Billingsley's own two sons said she was pretty much the image of June Cleaver in real life, although the actress disagreed. She did acknowledge that she may have become more like June as the series progressed.
"I think what happens is that the writers start writing about you as well as the character they created,'' she once said. "So you become sort of all mixed up, I think.''
A wholesome beauty with a lithe figure, Billingsley began acting in her elementary school's plays and soon discovered she wanted to do nothing else.
Although her beauty and figure won her numerous roles in movies from the mid-1940s to the mid-1950s, she failed to obtain star status until Leave It to Beaver, a show that she almost passed on.
"I was going to do another series with Buddy Ebsen for the same producers, but somehow it didn't materialize,'' she told The Associated Press in 1994. "A couple of months later I got a call to go to the studio to do this pilot show. And it was Beaver.''
Decades later, she expressed surprise at the lasting affection people had for the show.

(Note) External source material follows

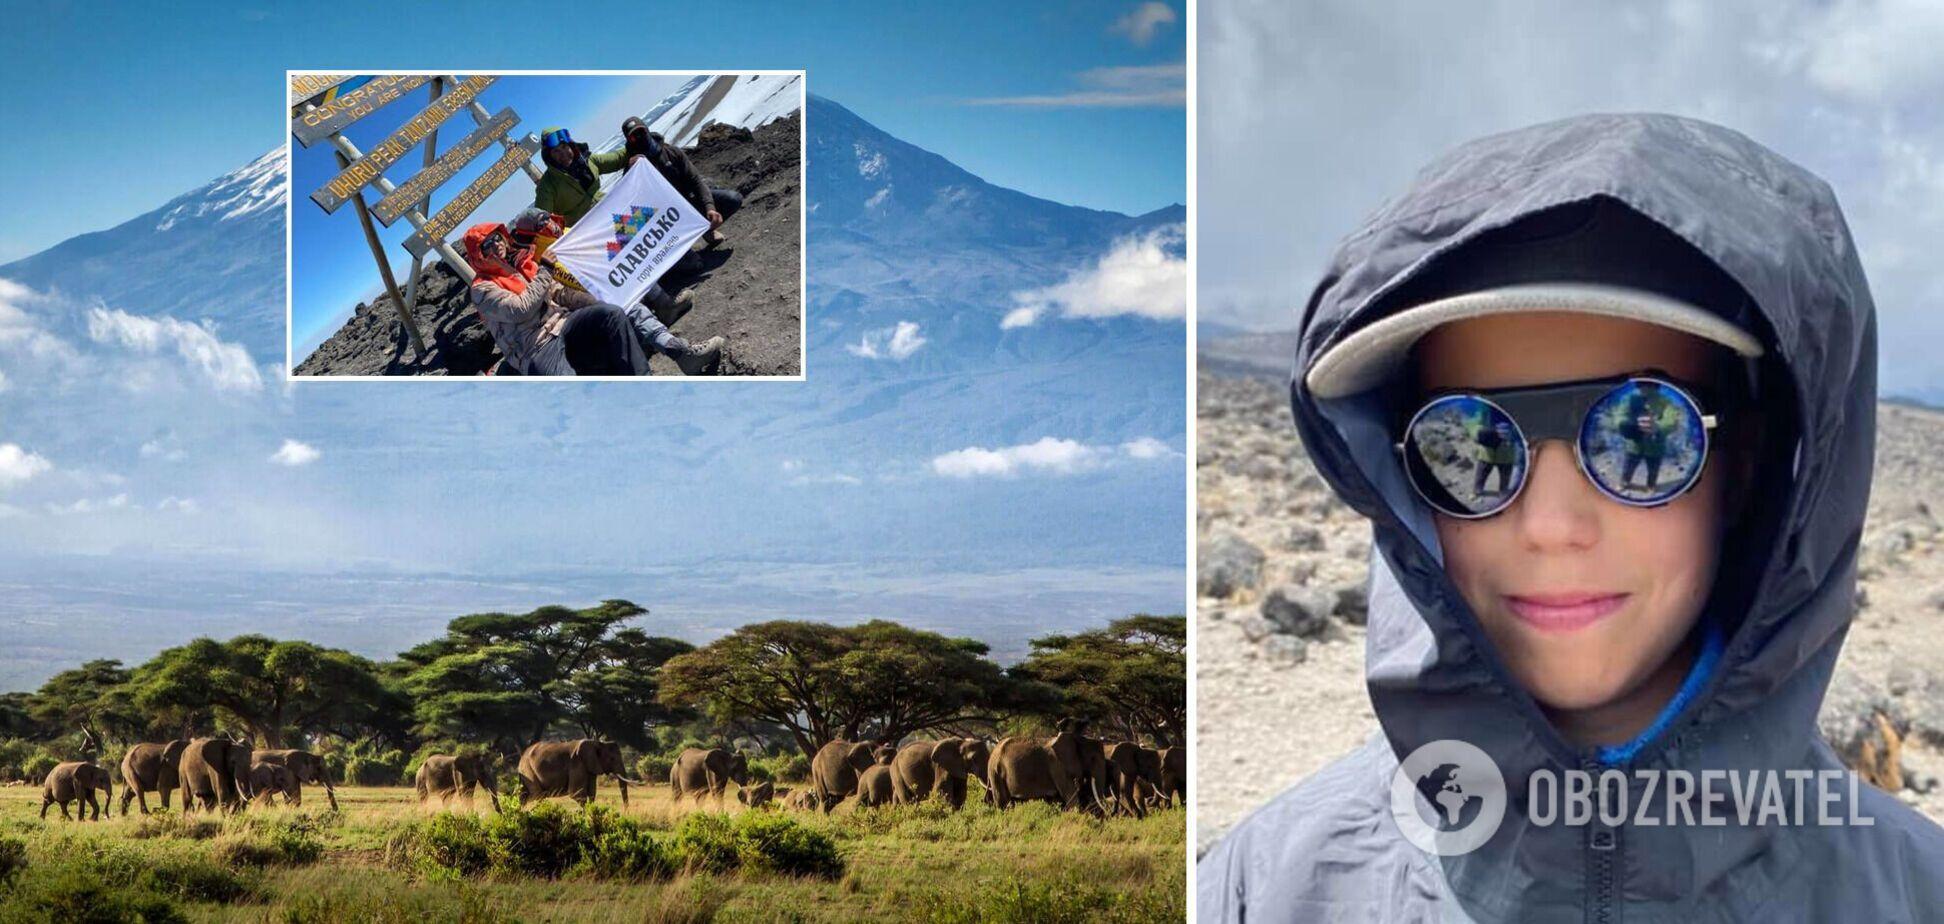 Подросток из Львовщины покорил Килиманджаро и побил рекорд. Фото и видео

"We knew we were making a good show, because it was so well written,'' she said. "But we had no idea what was ahead. People still talk about it and write letters, telling how much they watch it today with their children and grandchildren.''
After Leave It to Beaver left the air in 1963, Billingsley largely disappeared from public view for several years.
She resurfaced in 1980 in a hilarious cameo in Airplane! playing a demur elderly passenger not unlike June Cleaver.

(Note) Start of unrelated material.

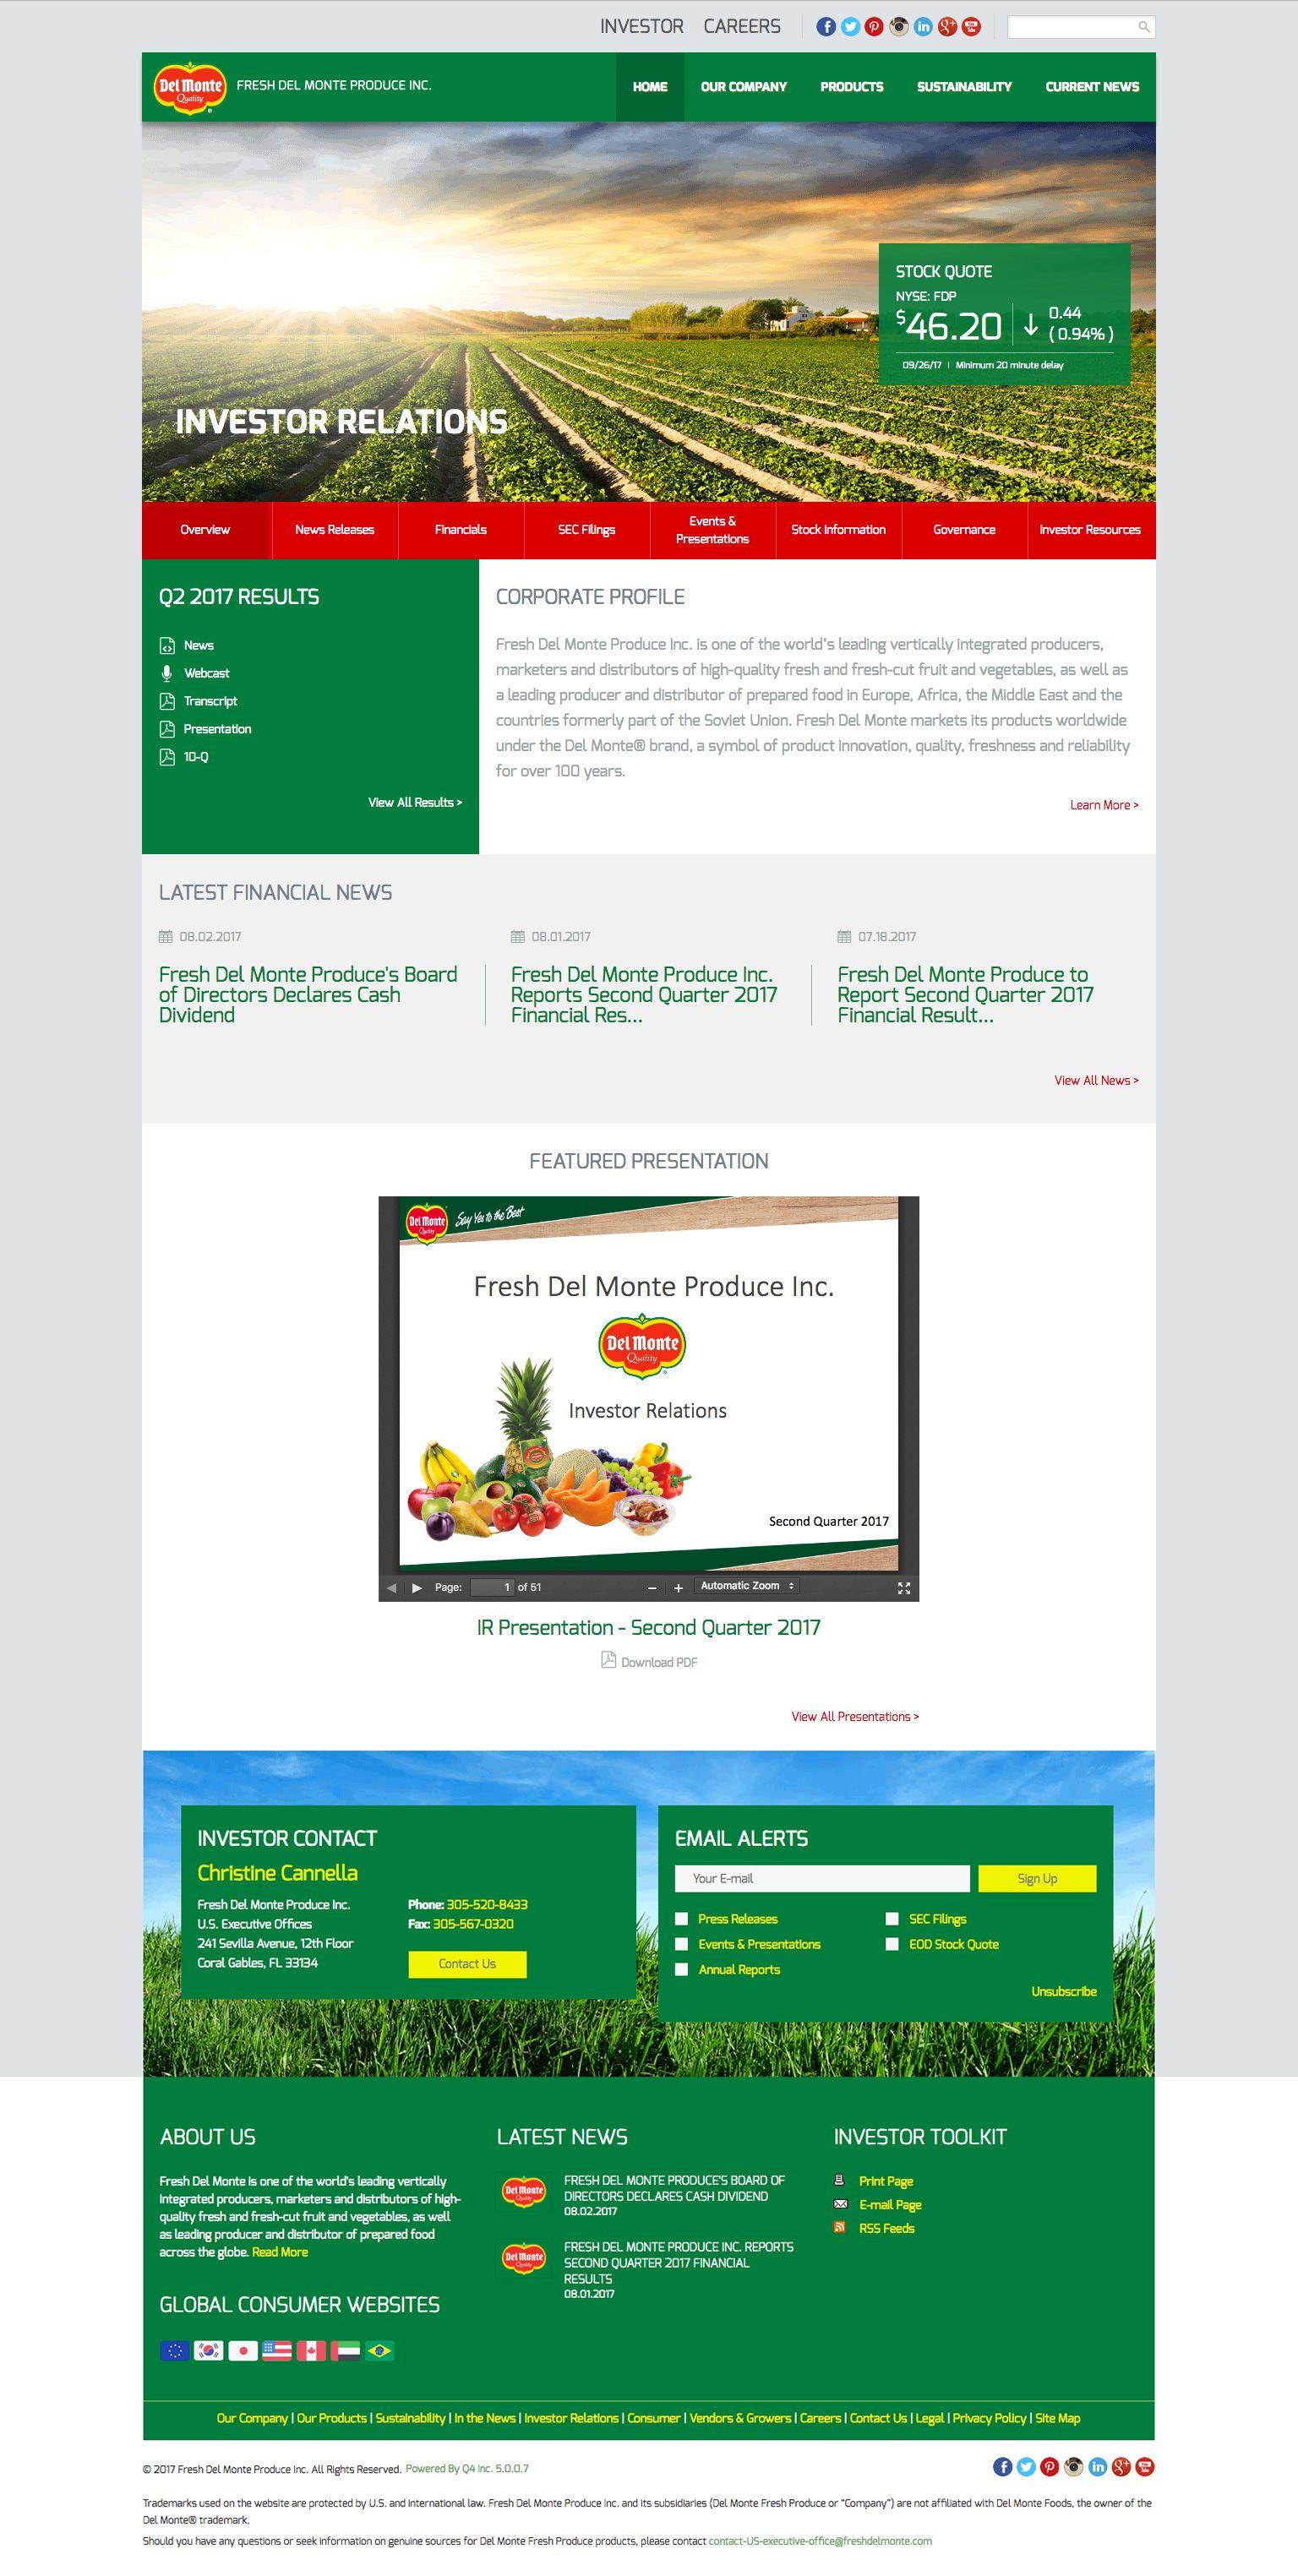 j&j snack foods investor relations

When flight attendants were unable to communicate with a pair of jive-talking hipsters, Billingsley's character volunteered to translate, saying "I speak jive.'' The three then engage in a raucous street-slang conversation.

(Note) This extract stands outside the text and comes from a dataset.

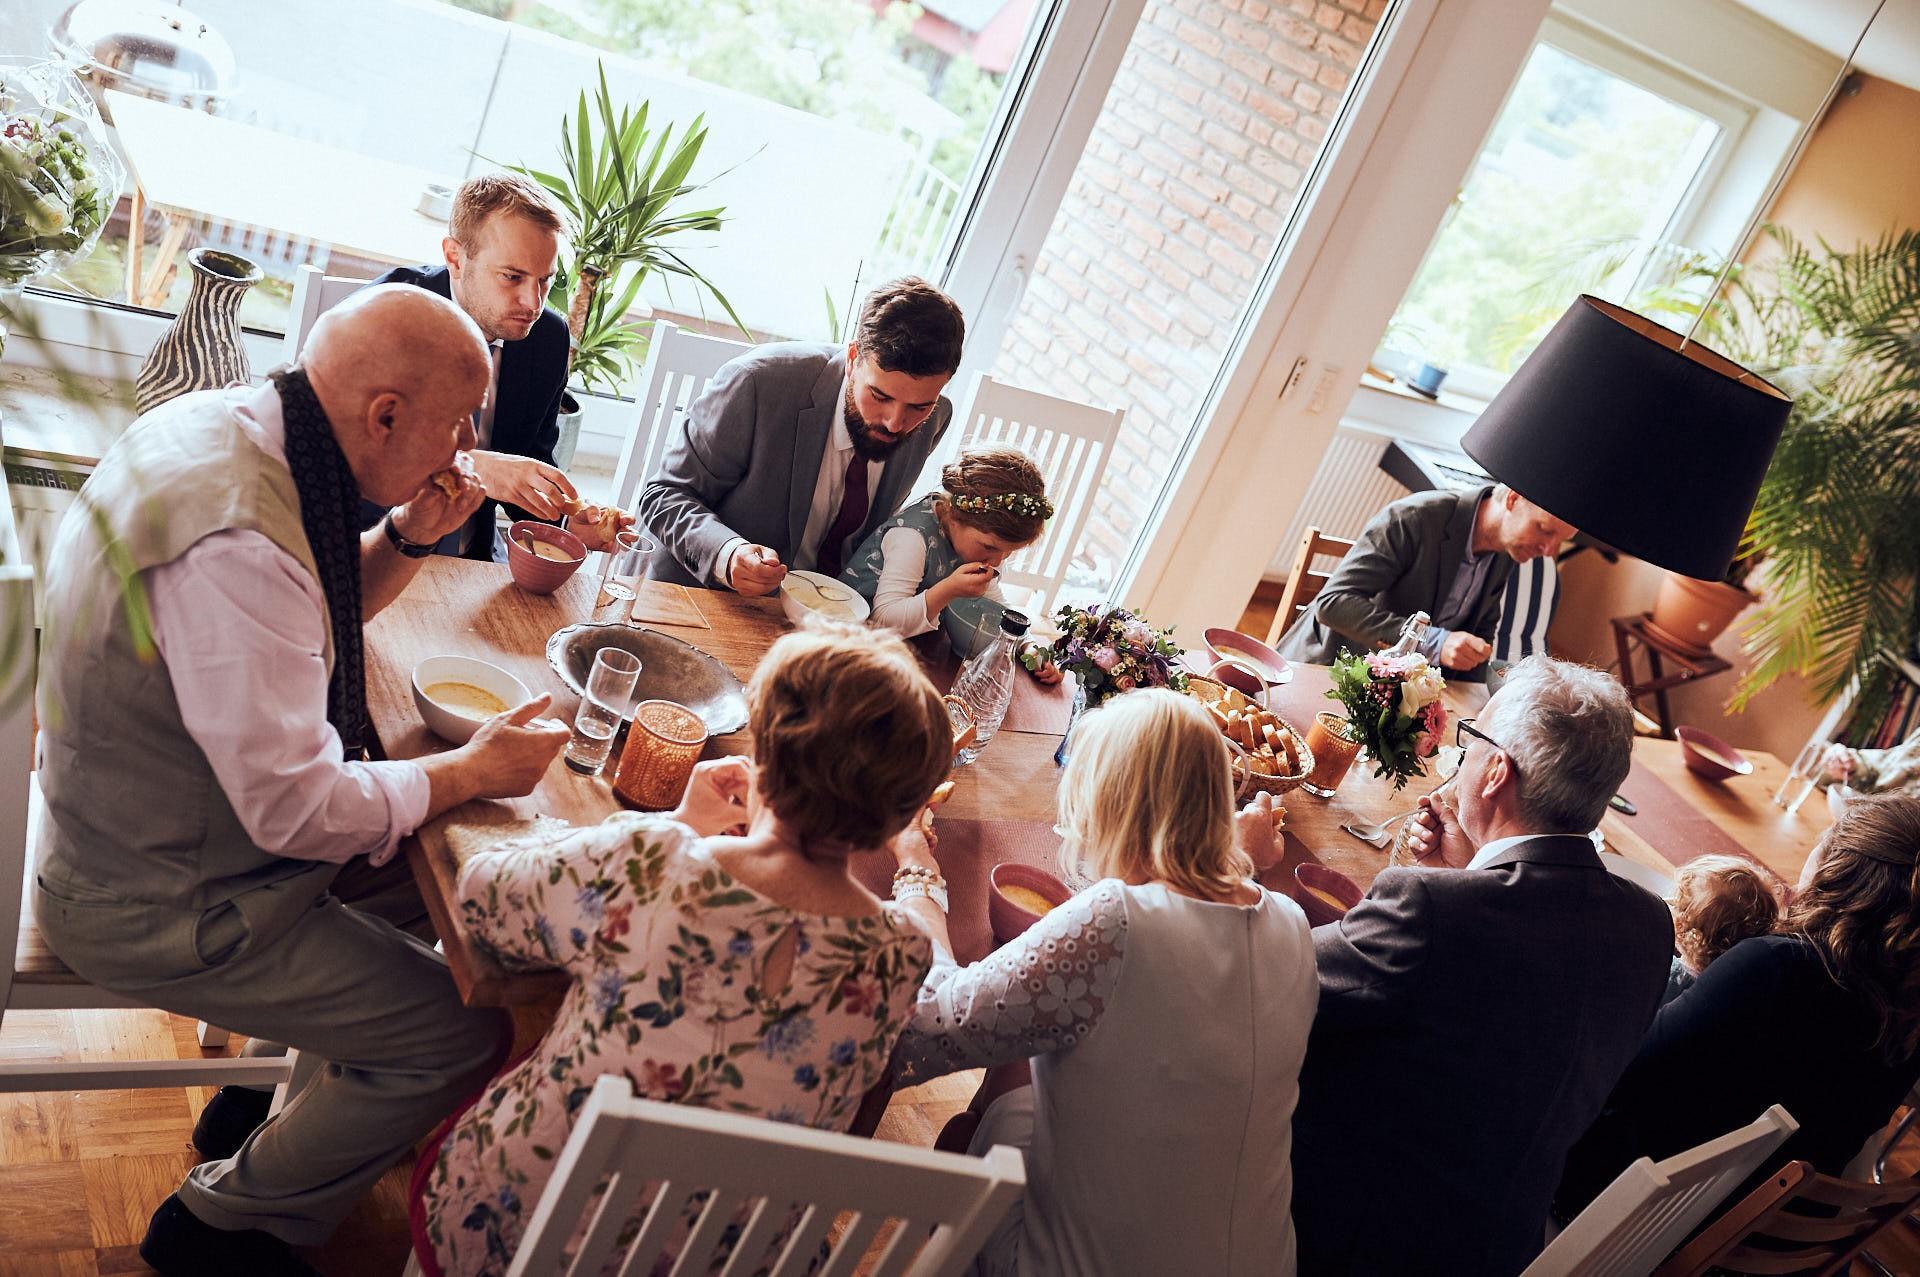 Alle Verwandten essen an einem Tisch

"No chance they would have cast me for that if I hadn't been June Cleaver,'' she once said.
"People, when they watch Leave It to Beaver, they think of her as very, very straight-laced," Mathers told Raz. "[But] she had a wonderful sense of humor. … She was full of life. She was a very gracious lady, but she could just be so much fun."
Billingsley returned as June Cleaver in a 1983 TV movie, Still the Beaver, that costarred Mathers and Dow and portrayed a much darker side of Beaver's life.
In his mid-30s, Beaver was unemployed, unable to communicate with his own sons and going through a divorce. Wally, a successful lawyer, was handling the divorce, and June was at a loss to help her son through the transition.
"Ward, what would you do?'' she asked at the site of her husband's grave. (Beaumont had died in 1982.)
The movie revived interest in the Cleaver family, and the Disney Channel launched The New Leave It to Beaver in 1985.
The series took a more hopeful view of the Cleavers, with Beaver winning custody of his two sons and all three moving in with June.
In 1997 Universal made a Leave It to Beaver theatrical film with a new generation of actors. Billingsley returned for a cameo, however, as Aunt Martha.
In later years she appeared from time to time in such TV series as Murphy Brown, Empty Nest and Baby Boom and had a memorable comic turn opposite fellow TV moms June Lockhart of Lassie and Isabel Sanford of The Jeffersons on the Roseanne show.
"Now some people, they just associate you with that one role [June Cleaver], and it makes it hard to do other things,'' she once said. "But as far as I'm concerned, it's been an honor.''
In real life, fate was not as gentle to Billingsley as it had been to June and her family.
Born Barbara Lillian Combes in Los Angeles on Dec. 22, 1915, she was raised by her mother after her parents divorced. She and her first husband, Glenn Billingsley, divorced when her sons were just 2 and 4.
Her second husband, director Roy Kellino, died of a heart attack after three years of marriage and just months before she landed the Leave It to Beaver role.
She married physician Bill Mortenson in 1959 and they remained wed until his death in 1981.
Survivors include her sons, three stepchildren and numerous grandchildren.
Material from The Associated Press was used in this report.